Aim of the task:
Copy the data exactly, pictures aside.

Provided material:
++++

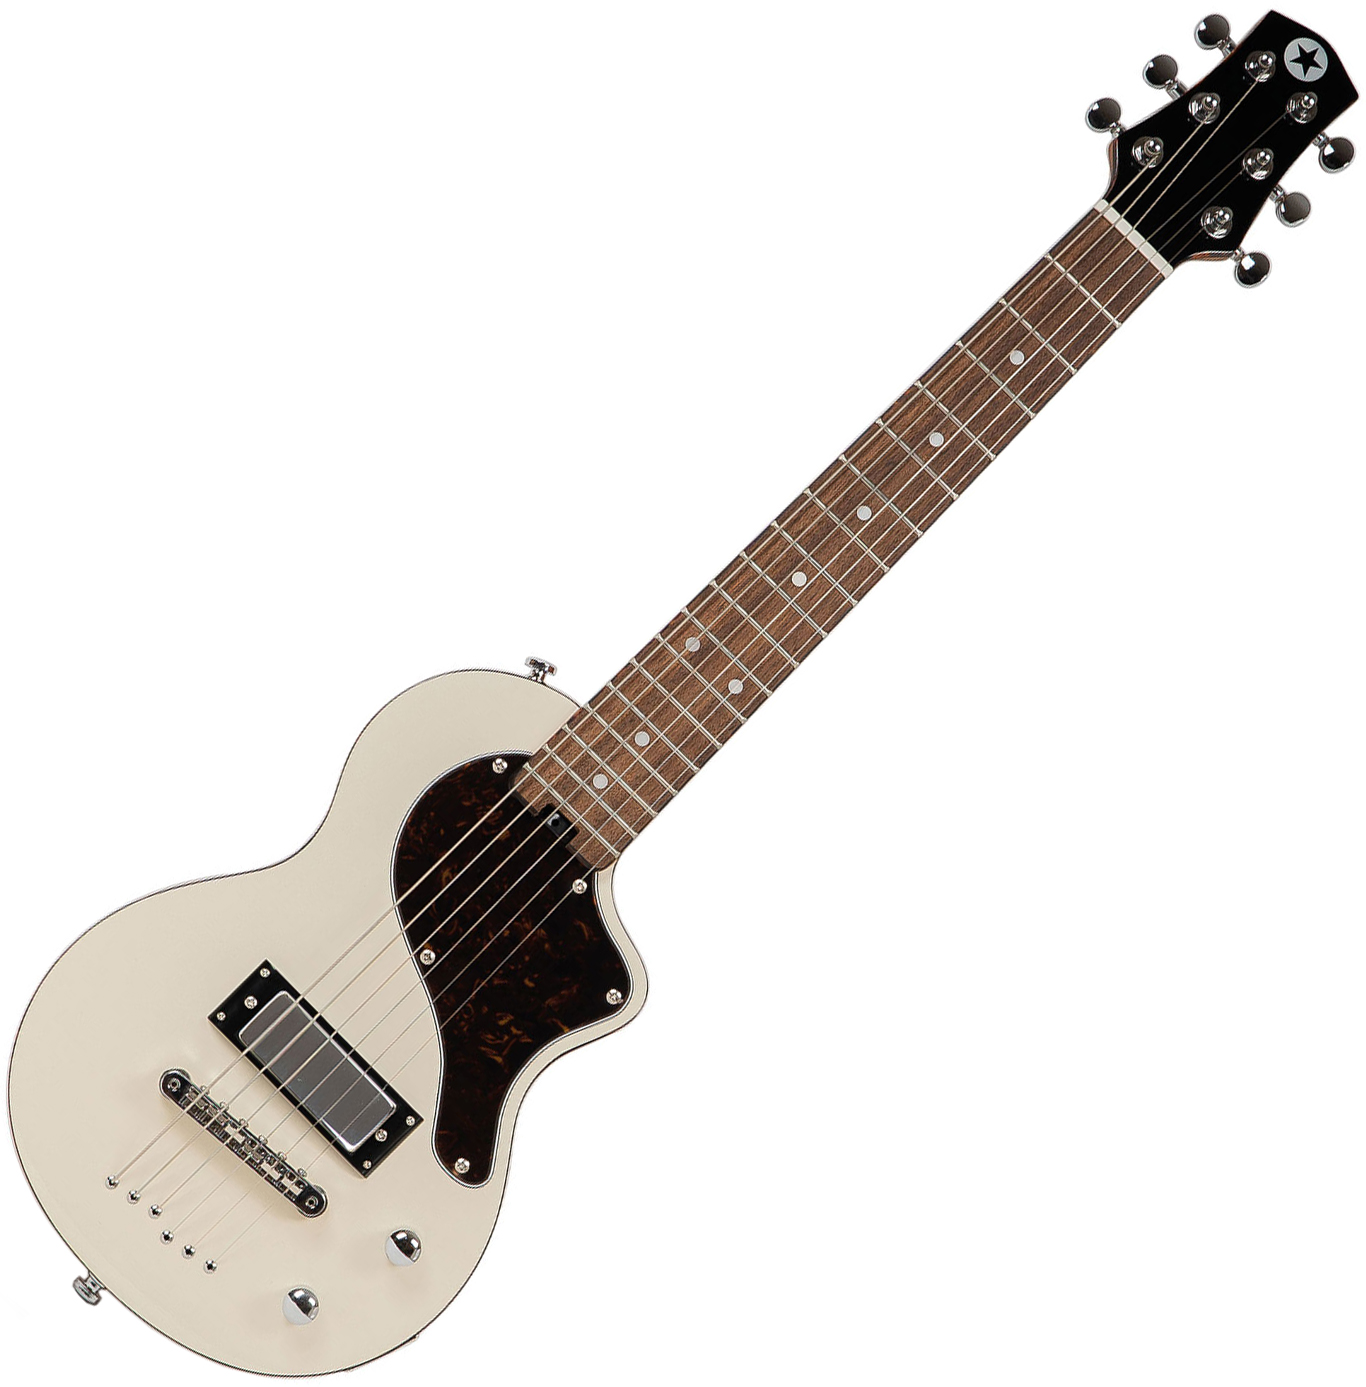 Blackstar Carry-on Travel Guitar Standard Pack +amplug2 Fly +housse - White - E-Gitarre Set - Variation 1
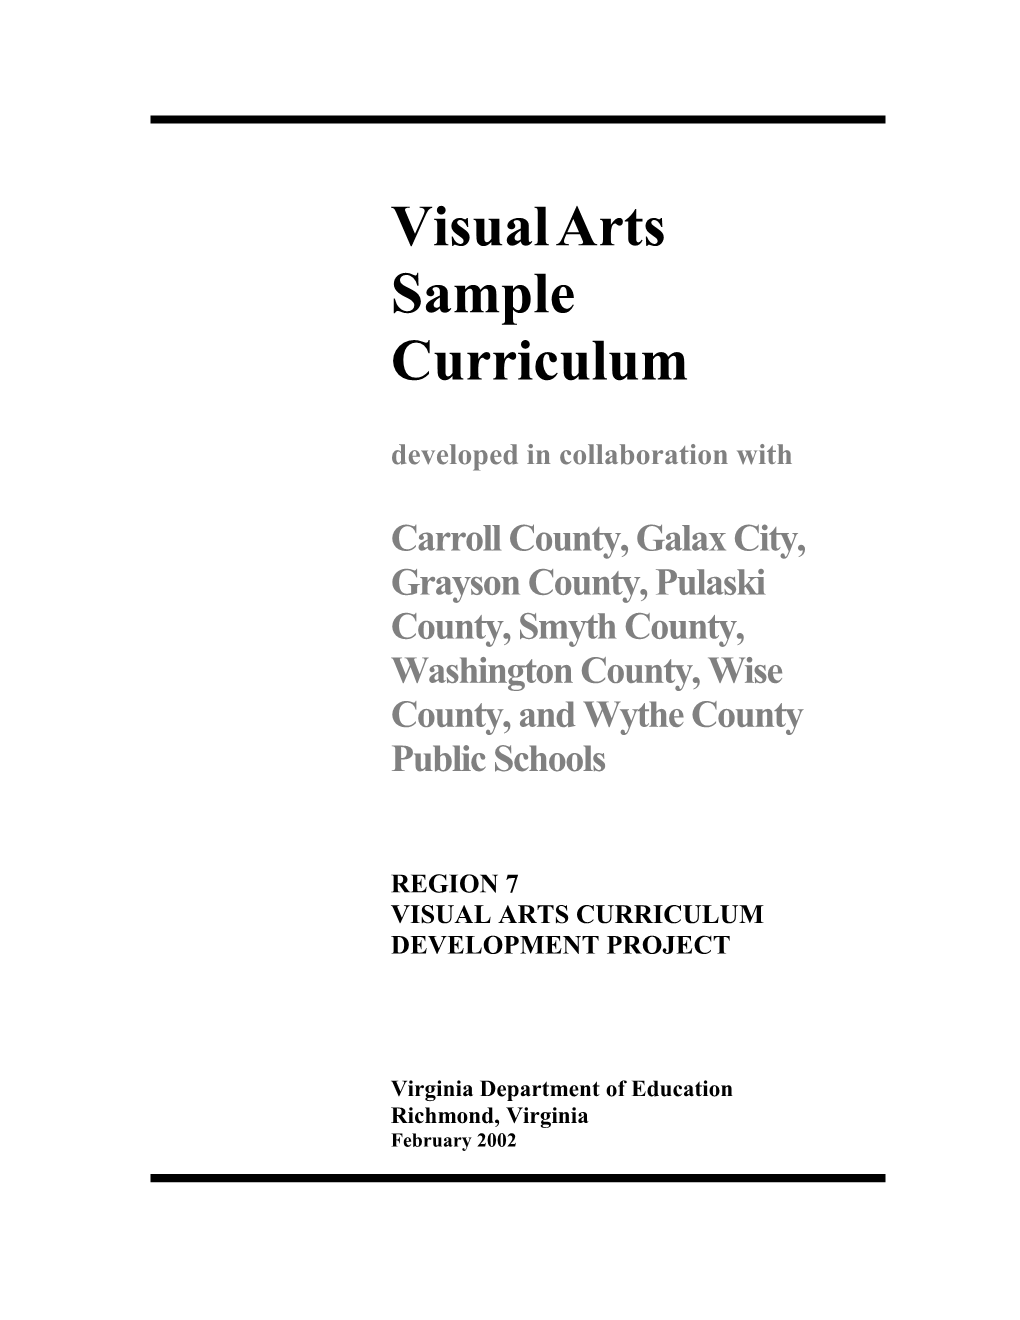 Visual Arts Curriculum Development Project
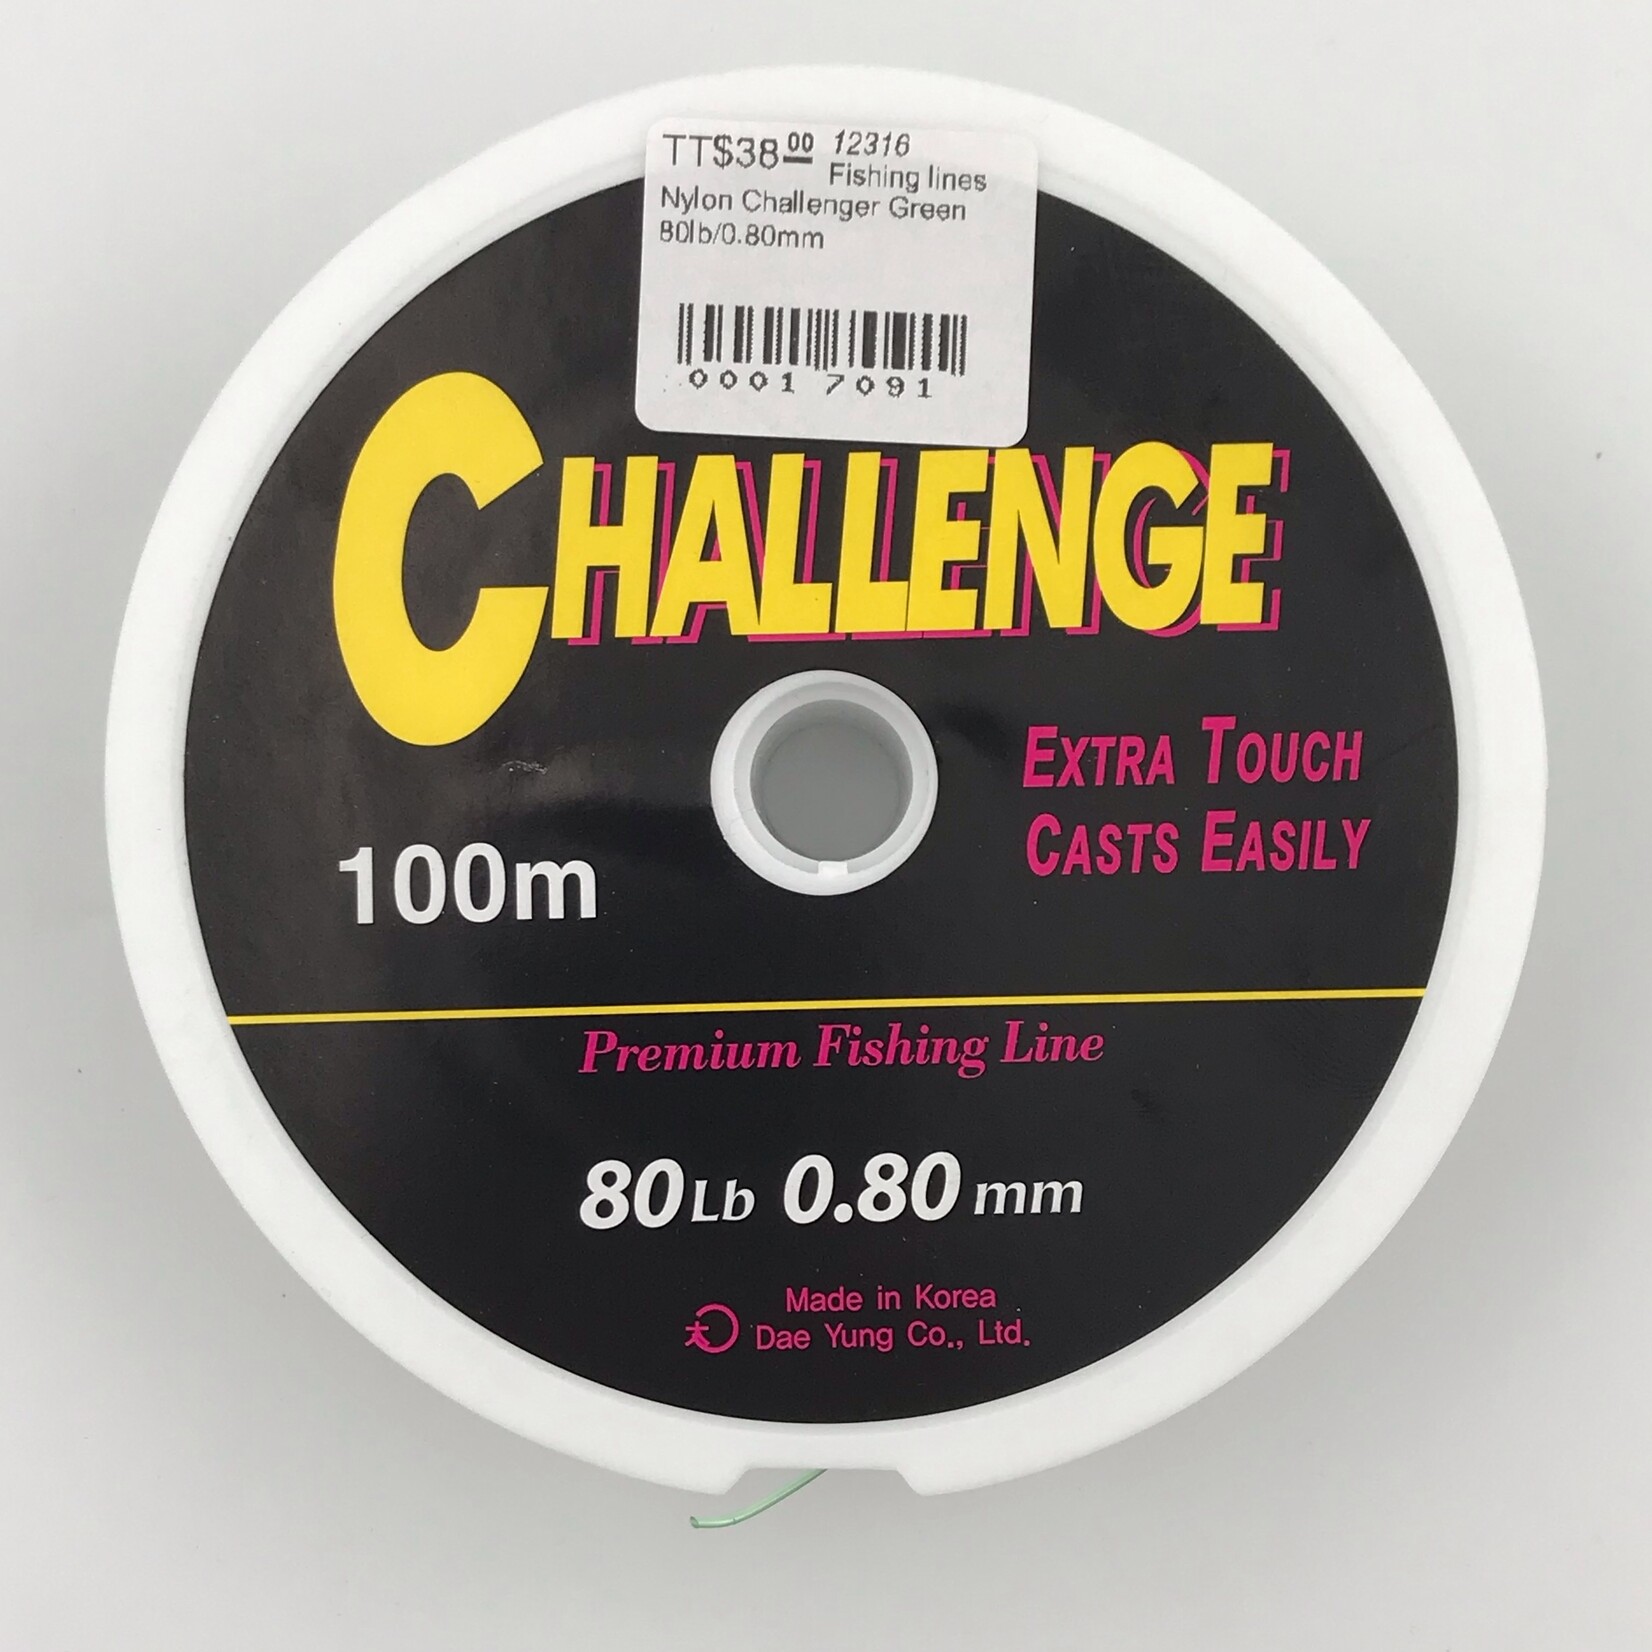 Fishing lines Nylon Challenger Green 80lb/0.80mm

++++

Solution to this task:
 Blackstar Carry-on Travel Guitar Standard Pack +amplug2 Fly +housse - White - E-Gitarre Set - Variation 1
 Visual Arts Curriculum Development Project
 Fishing lines Nylon Challenger Green 80lb/0.80mm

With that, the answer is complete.